Дальше так. К нашему столику придвинут другой столик. За нашим столиком три врага Маруси – три твари, по ее определению. За другим столиком еще четверо. Итого семь тварей без меня и Маруси! Это немало. Накопление их произошло незаметно и без моего вроде бы участия. Но председательствую почему-то я. То есть именно я разливаю, вынув из сумки, сначала одну, затем вторую, затем третью бутылку лимонной водки, припасенной для дома милой Сони Голубчик. Многое кажется мне странным. В частности, непонятно, почему Маруся целует ненавидимую ею суку и щедро смеется над шутками гомика-графомана, которого зовут Гоша. Значит, соображаю я, не так уж она их ненавидит… это хорошо! Мне лично эти молодые твари очень нравятся, особенно та, что рядом со мной – Оксана, классифицируемая Марусей как «ух, блядь!». Она черноглазая, круглолицая, свежая, смешливая, плотненькая такая. «Ты талантливая?» – сразу спрашиваю я ее. «Говорят, что да», – отвечает она весело. Очень хорошо! «А Гоша?» – спрашиваю я. «Гоша гениальный», – отвечает она. Еще лучше! «А эта… как ее?.. Ира? тоже поэтесса?» – указую я взглядом на подружку-суку. «Да, и замечательная», – отвечает Оксана.

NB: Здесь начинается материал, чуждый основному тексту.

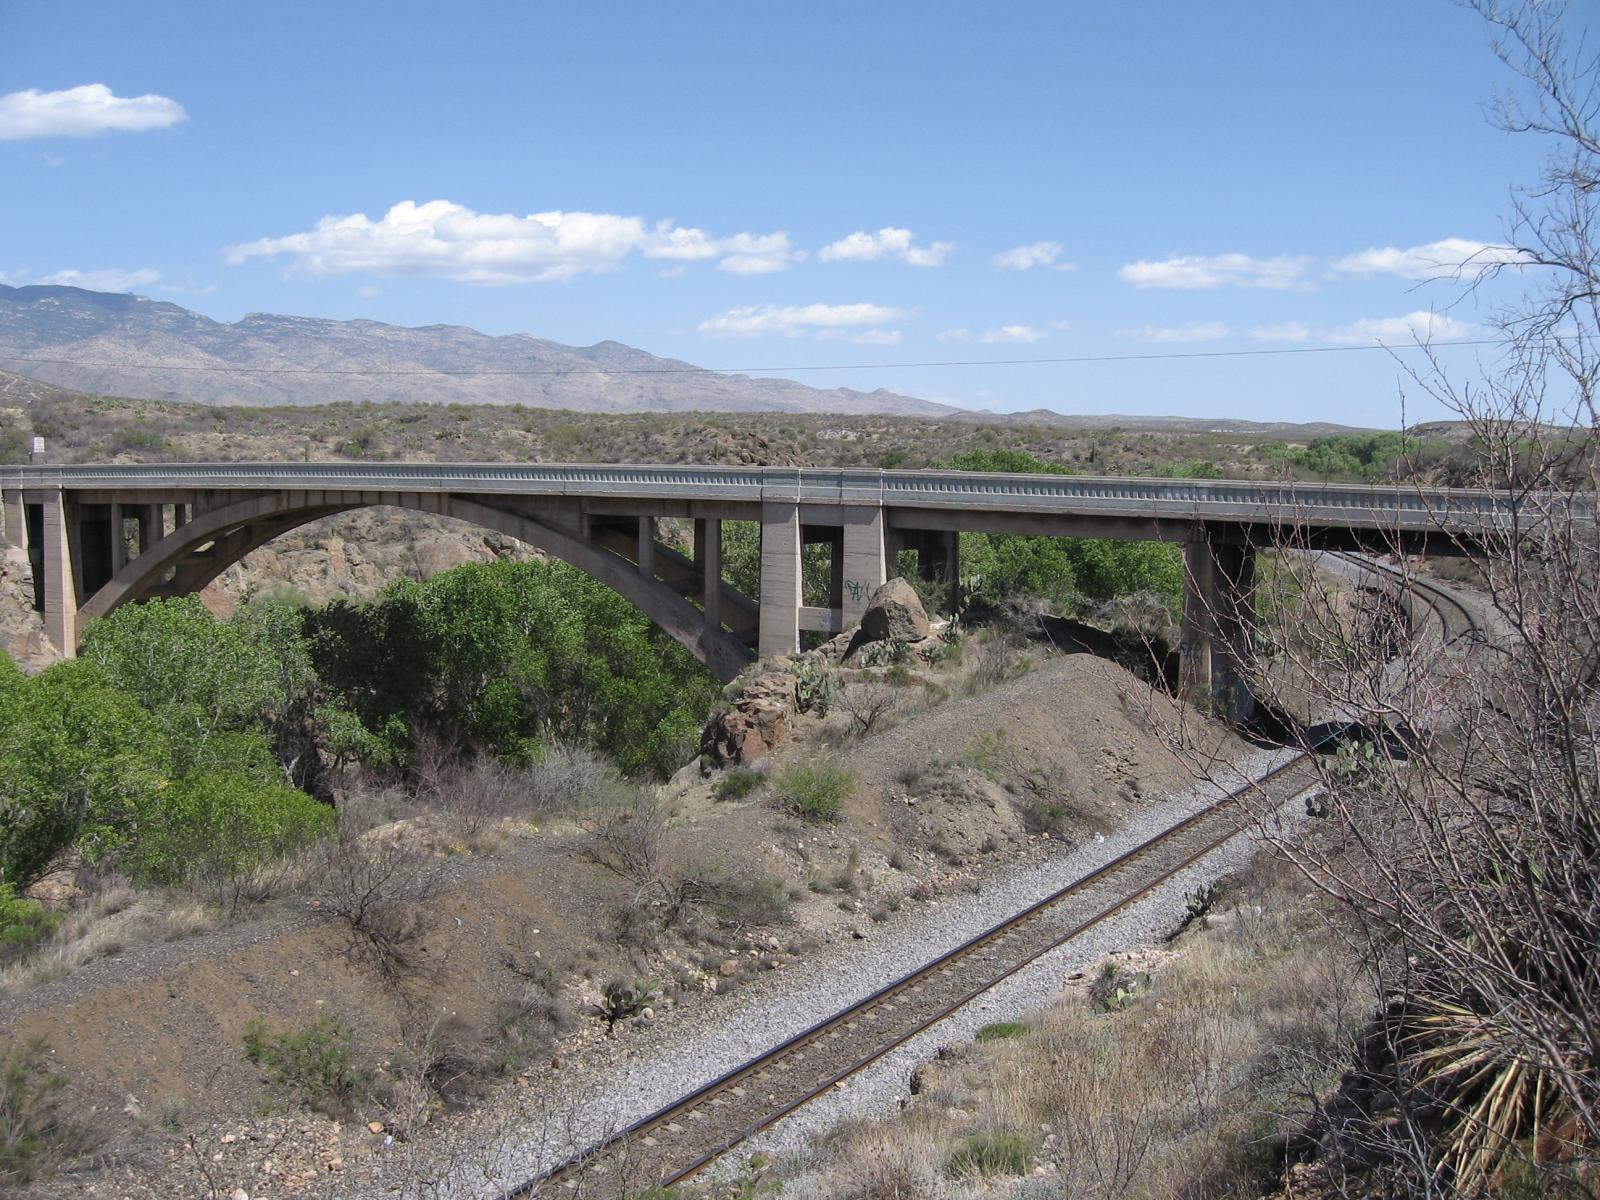 1921 Cienega Creek bridge between Tucson and Benson AZ
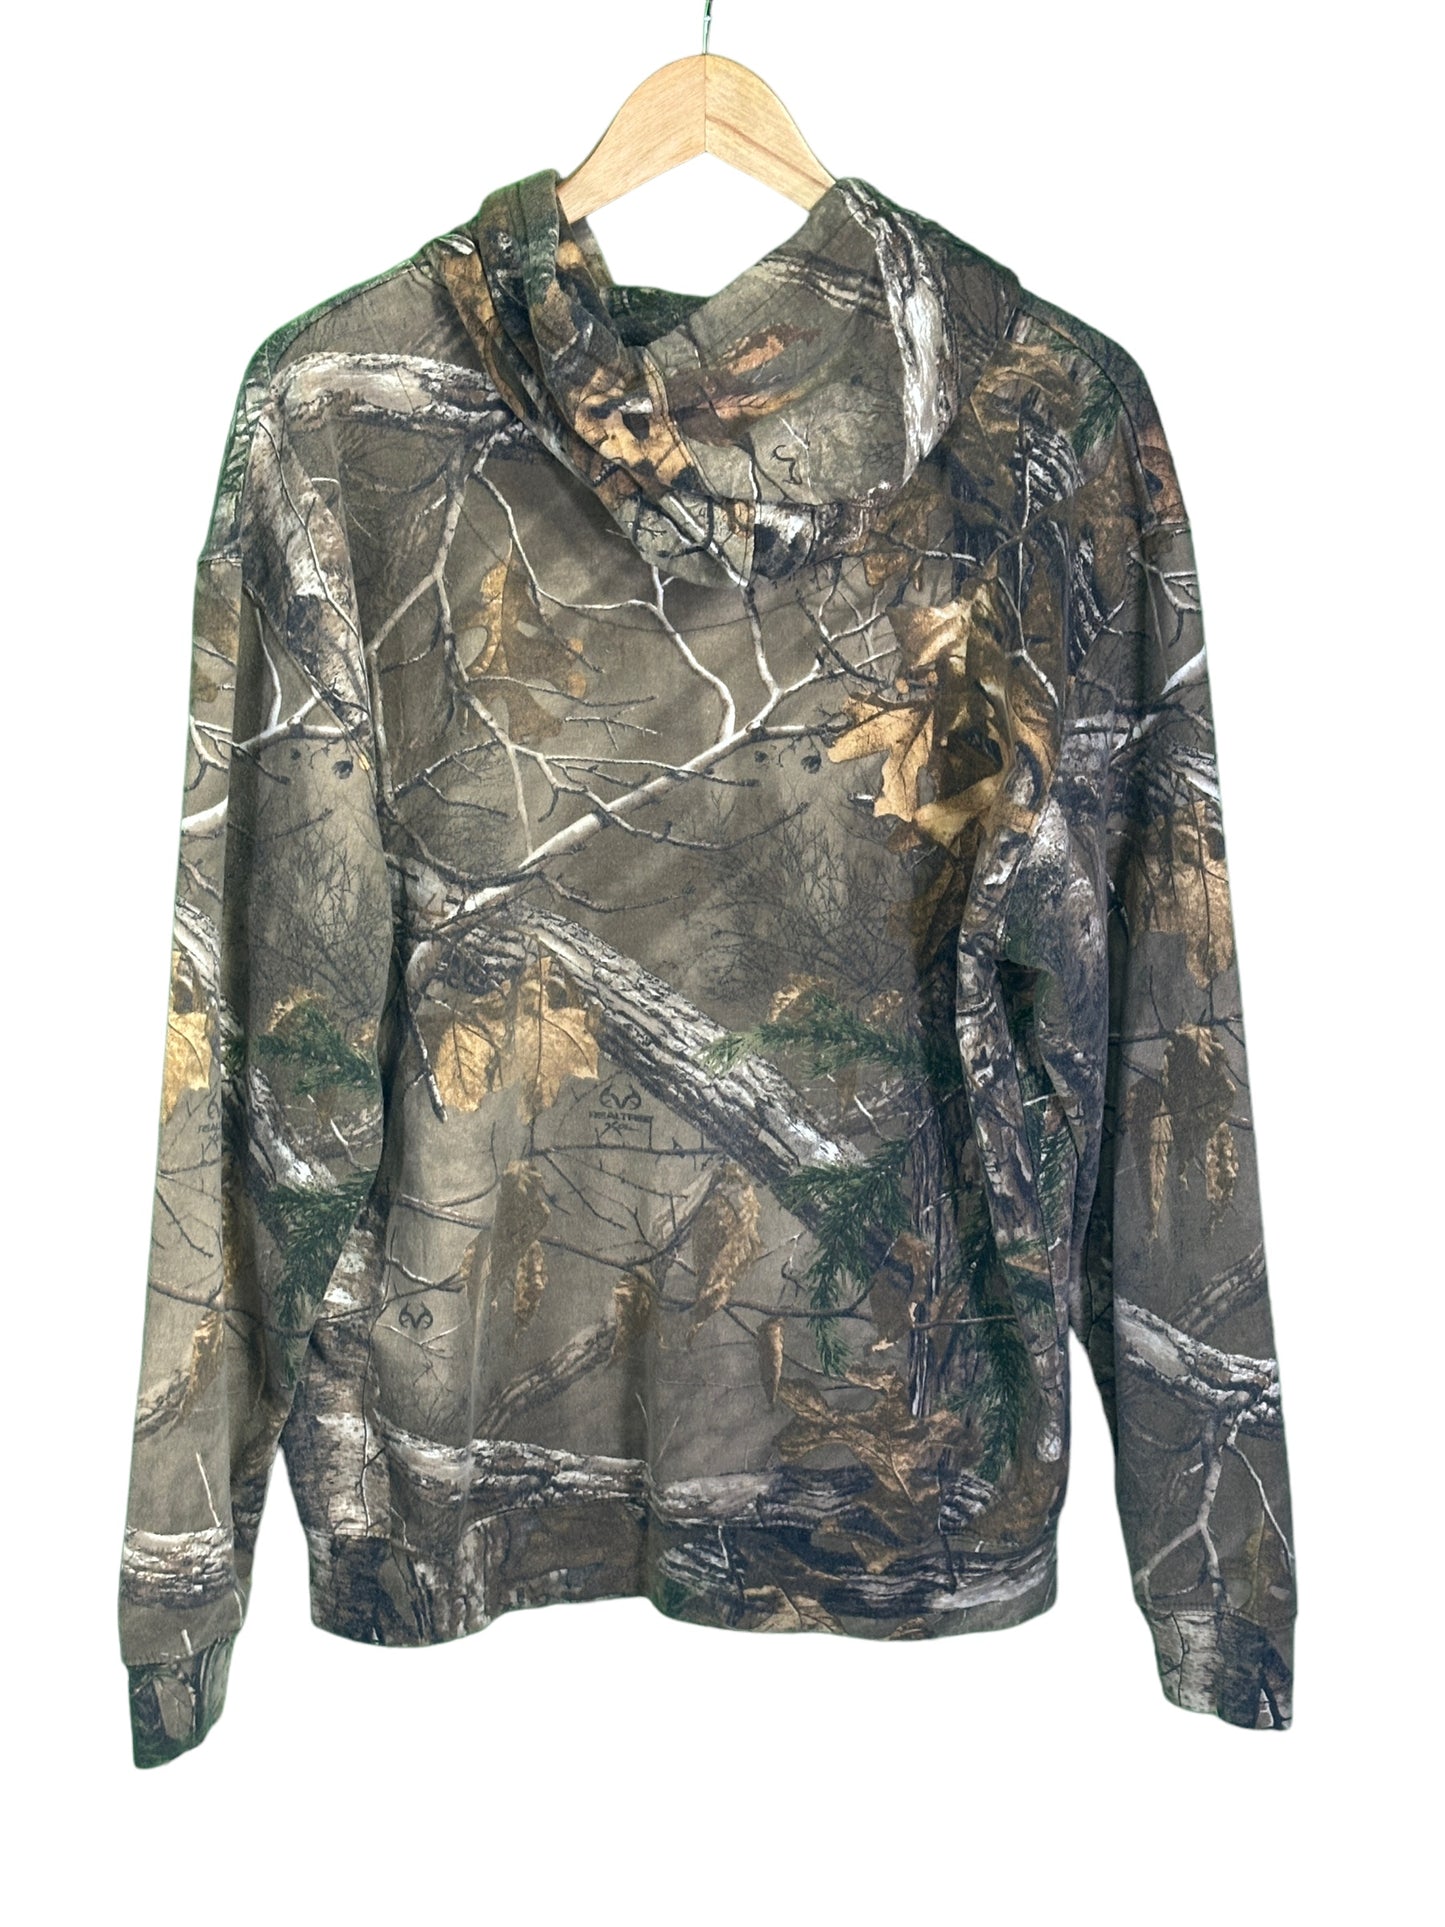 RealTree Hunters Woodland Camo Pullover Hoodie Size Medium

Вот как складно получается: пять человек за столиком – и ни одной бездарности. За придвинутым столиком, я чувствую, бесталанных тоже нет. Это меня радует, словно я вдруг нарвался на богатую полянку с белыми ядреными грибами. А они, новые знакомые, судя по всему, тоже рады, что встретились со мной, судя по всему, не полным дебилом, не патологическим, судя по всему, жадиной-говядиной. Им, судя по всему, нравится, что я попался им на жизненном пути. Они не хотят со мной расставаться ни после первой, ни после второй бутылки – такие славные, талантливые ребята! – и после третьей они готовы продолжать наше знакомство, так я их заинтересовал. Они даже спрашивают: а как вы, мол, там живете, в вашем медвежьем углу? – то есть без всякого столичного гонора, без великодержавного снобизма, по-простецки спрашивают: а как вы, мол, там живете, в вашем медвежьем углу? – то есть проявляют широту и демократичность мышления, допускают, что и за пределами московской окружной автострады, даже на нашенской окраине есть какие-то ростки жизни, происходит брожение и почкование, что там иногда читают, а некоторые безумцы даже пишут… А зачем бы, казалось, им это знать при такой-то насыщенной творческой атмосфере этого Дома, где идет главная битва умов и талантов за овладение жизненным пространством – на кулачках, стенка на стенку, так жарко, что слово «перо» приобретает второй, уголовный, смысл, связанный с заточенным лезвием, а глагол «попишу» напоминает о бритве в руках насильника?.. Но нет же, спрашивают, интересуются, тянутся бокалами, чтобы чокнуться со своим человеком Теодоровым… Но все-таки недопонимают Теодорова, его чрезвычайного вселенского миролюбия, Теодорова-миротворца с душой, может быть, Христовой, но никак не могущей раскрыться в полную свою ширь… да и кто же поверит, что возможно в дикое время на диких ветрах всепрощение и всепонимание… и как совместить его еретические поступки с прекраснодушными намерениями?
Иду за четвертой.
Иду за шестой.
Еще две складываю в сумку – для тебя, голубка моя Софья Голубчик!
Теодорова уже не просто уважают, его уже искренне любят. Он же видит светлые, ясные лица; ему чудятся нимбы над головами. Маруся, сложив руки на столе, уронила на них голову. Над ней особенно яркий светящийся круг отмеченности судьбой. А круглолицая моя, черноглазая соседка Оксана шепчет мне:
– Ну зануды! Это же жуть!
Она имеет в виду очередную филиппику неизвестного с приставного стола. Тот разгорячился – ну, рагорячился человек! – и употребляет такие слова, как «сучье вымя», «козел вонючий», «выблядок недоношенный», характеризуя одного из руководителей писательского Союза. Это конечно, нехорошо, но человек разгорячился – и вообще температура за столами заметно повышается, как… как при родовой горячке. (Хорошее сравнение!)
– Да, слегка зациклились, – отвечаю я Оксане и, чтобы успокоить ее, только ради этого, беру ее руку и, опустив ее под стол, кладу на то место, куда обычно руку дамы за столом класть не принято. Вот, мол, Оксана, где истинные ценности, а жаркие теоретические споры о лидерах – ну их! И ничуть не боюсь, что сейчас получу в лоб, ну ничуть.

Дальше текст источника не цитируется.